Par ailleurs, sur le plan local, le Bénin a pris des mesures significatives pour transformer sa production cotonnière, renforçant ainsi son statut de leader dans la production de coton en Afrique. La création de la Zone Économique Spéciale de Glo-Djigbé-Zè (GDIZ) a été une étape cruciale dans cette entreprise. Cette zone a attiré de nombreux investisseurs avec 32 d’entre eux déjà implantés et engagés dans divers secteurs tels que le textile et la transformation agricole. Grâce à ces investissements et aux équipements disponibles dans la GDIZ, le Bénin a les moyens de traiter le coton brut sur place, augmentant ainsi considérablement la part de la fibre de coton transformée localement. Actuellement, indique le document, seulement 1% de la production nationale annuelle de coton est transformé sur place, mais avec les trois usines en développement dans la GDIZ, cette part devrait passer à 12,7% par an. De plus, ce projet ambitieux prévoit également la transformation des graines de coton en huile de coton, ce qui renforcera davantage la capacité de transformation locale du Bénin.
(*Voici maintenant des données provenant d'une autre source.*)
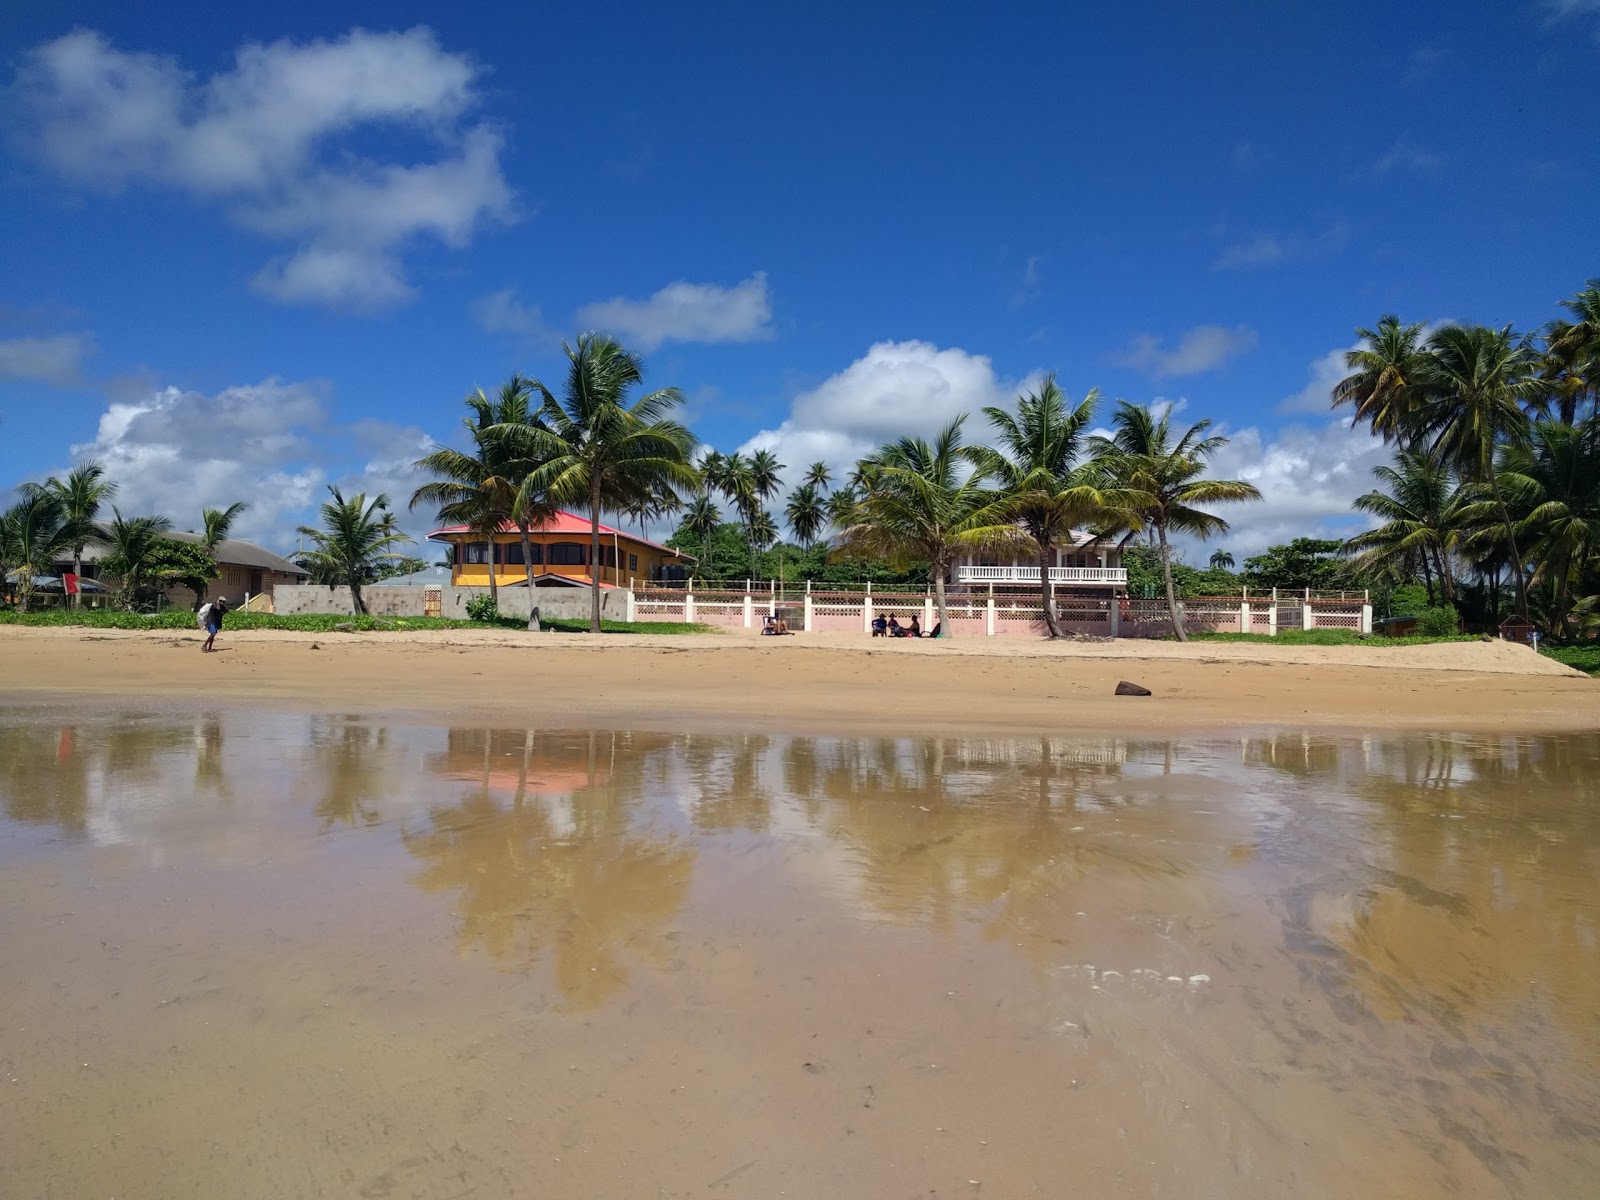 Foto de Mayaro beach - lugar popular entre os apreciadores de relaxamento

Ces initiatives résultent d’une politique agricole dynamique et d’un partenariat fructueux entre le gouvernement béninois et des acteurs privés, tels qu’Arise.

Rappelons qu’en vue de renforcer sa résilience en réduisant significativement le niveau d’exposition aux aléas du marché international du coton fibre, le Bénin a renforcé ses efforts de diversification des revenus d’exportation grâce à la promotion de nouvelles spéculations telles que le soja et les noix d’anacarde.